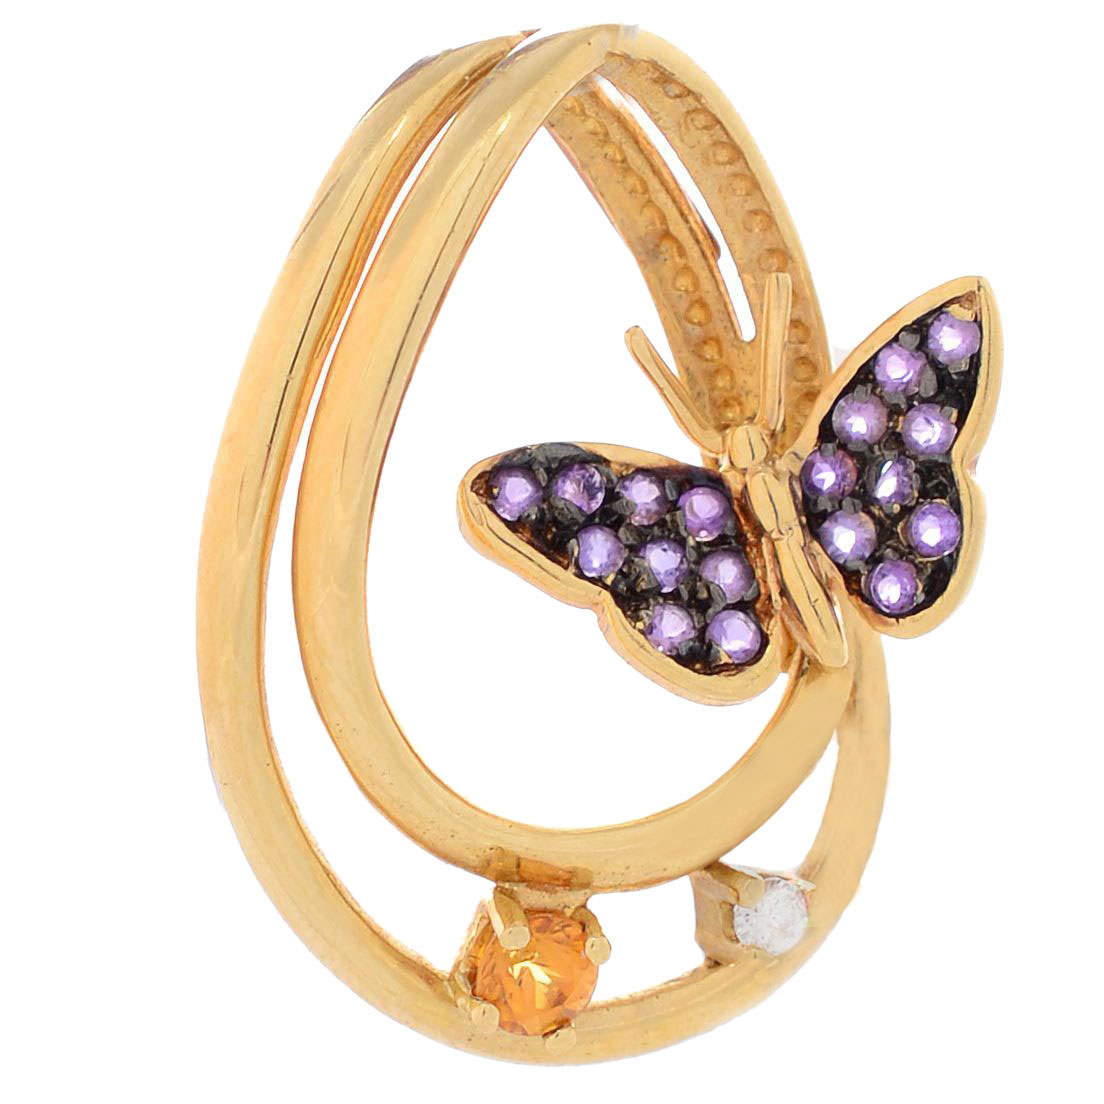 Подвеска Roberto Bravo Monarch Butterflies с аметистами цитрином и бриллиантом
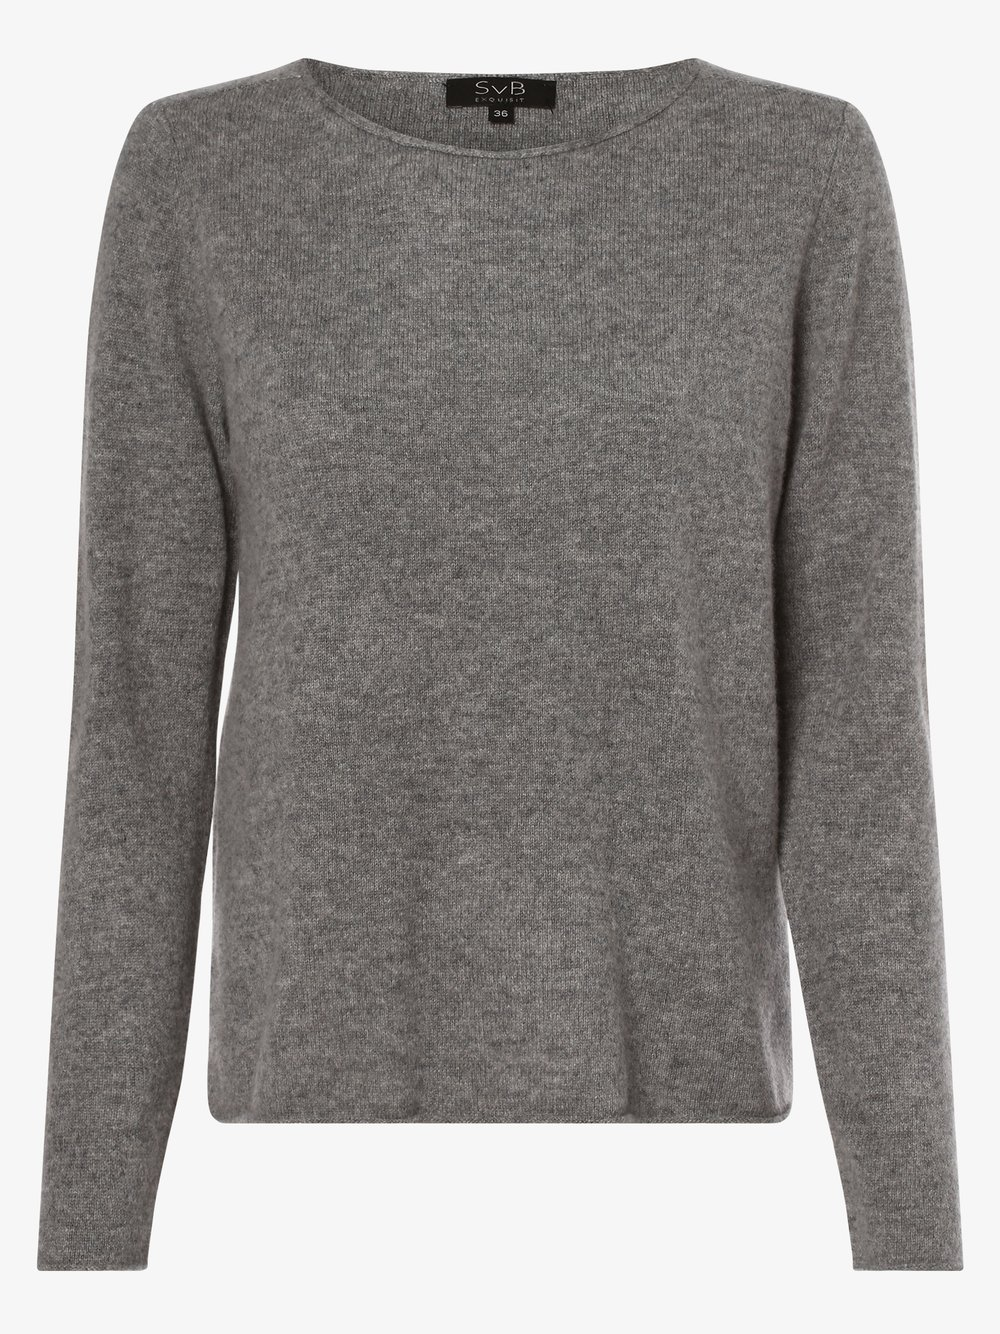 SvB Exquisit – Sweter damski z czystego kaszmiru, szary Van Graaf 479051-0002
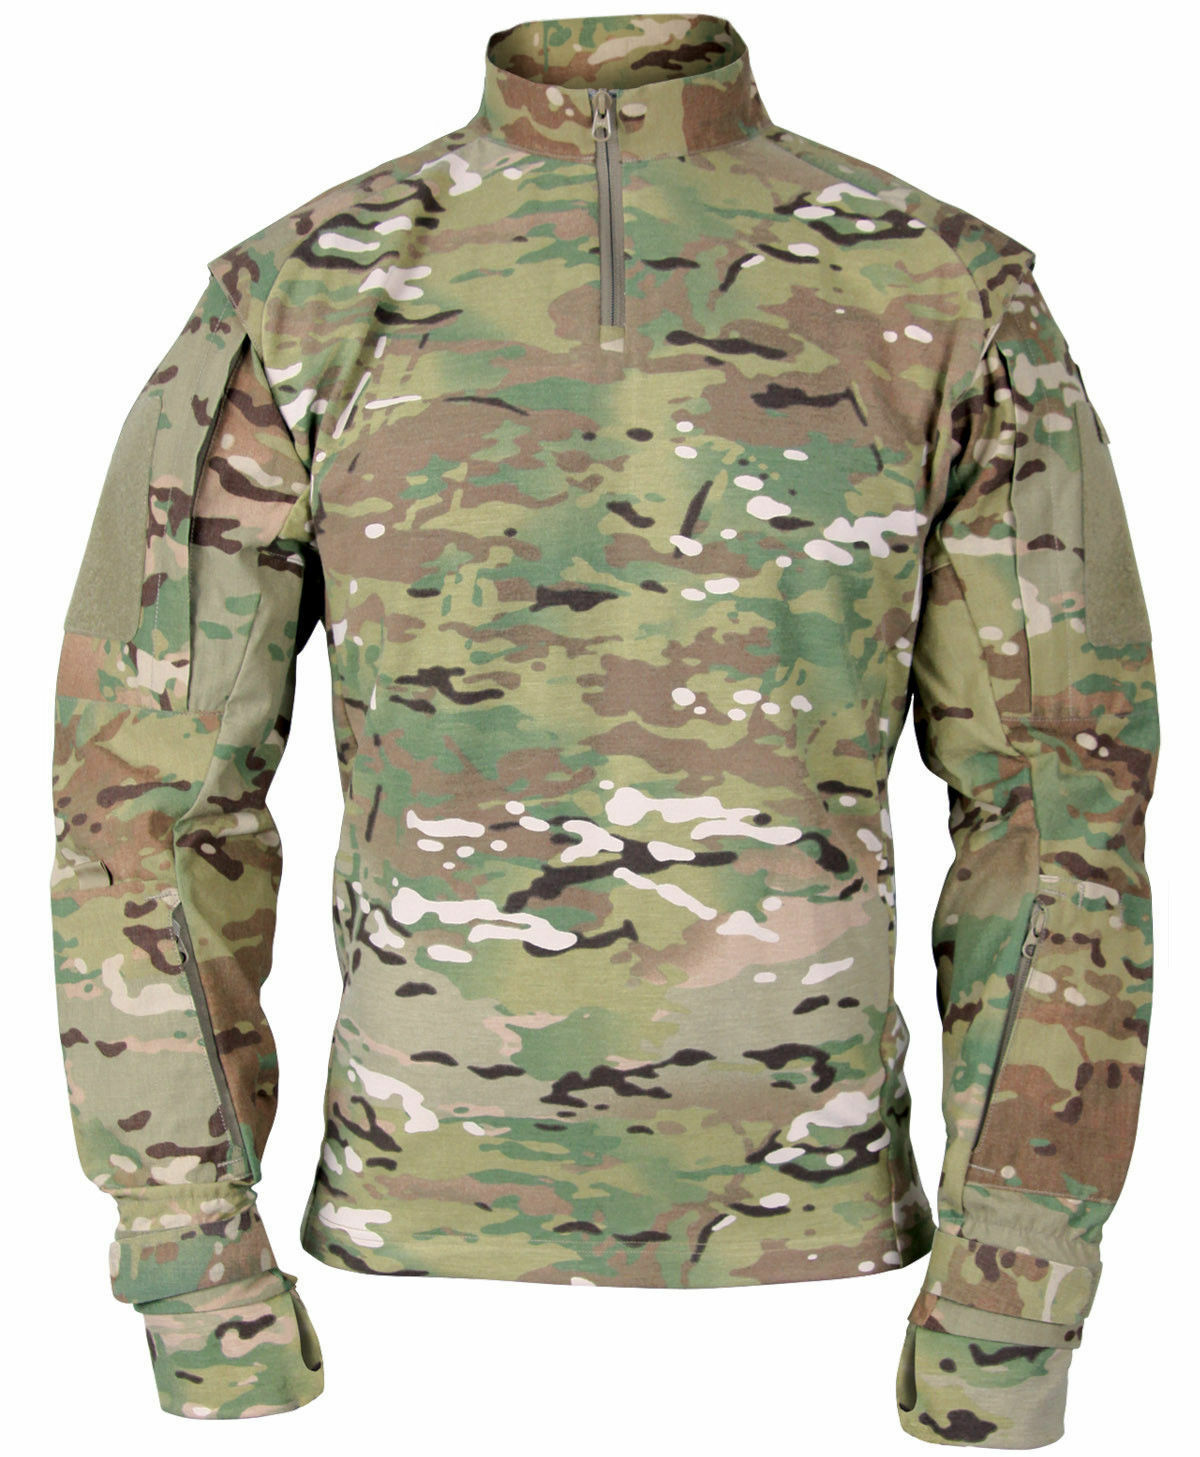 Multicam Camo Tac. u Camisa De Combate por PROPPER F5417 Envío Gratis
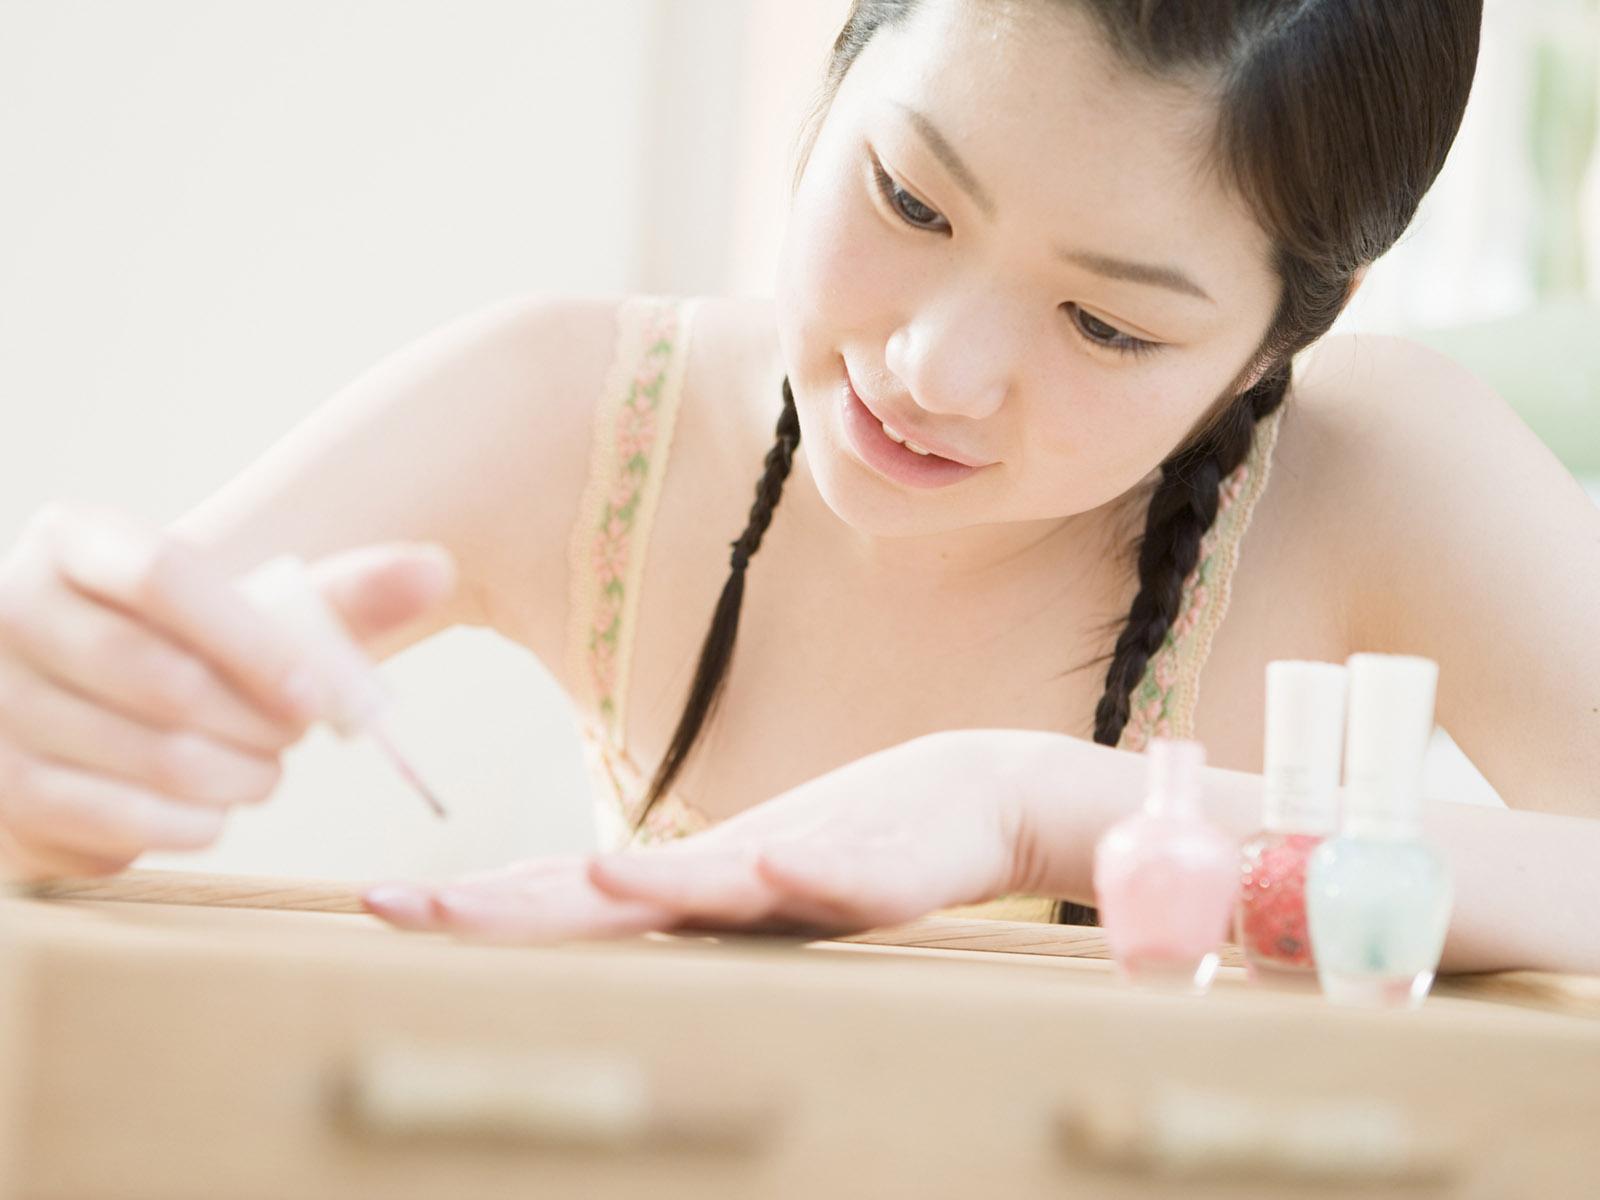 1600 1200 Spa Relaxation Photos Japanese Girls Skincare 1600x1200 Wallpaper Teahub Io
---*---
- _Task to carry out_
Print out the whole of the material word for word, without pictures.

- _Answer to the problem_
 Подвеска Roberto Bravo Monarch Butterflies с аметистами цитрином и бриллиантом
 SvB Exquisit – Sweter damski z czystego kaszmiru, szary Van Graaf 479051-0002
 Multicam Camo Tac. u Camisa De Combate por PROPPER F5417 Envío Gratis
 1600 1200 Spa Relaxation Photos Japanese Girls Skincare 1600x1200 Wallpaper Teahub Io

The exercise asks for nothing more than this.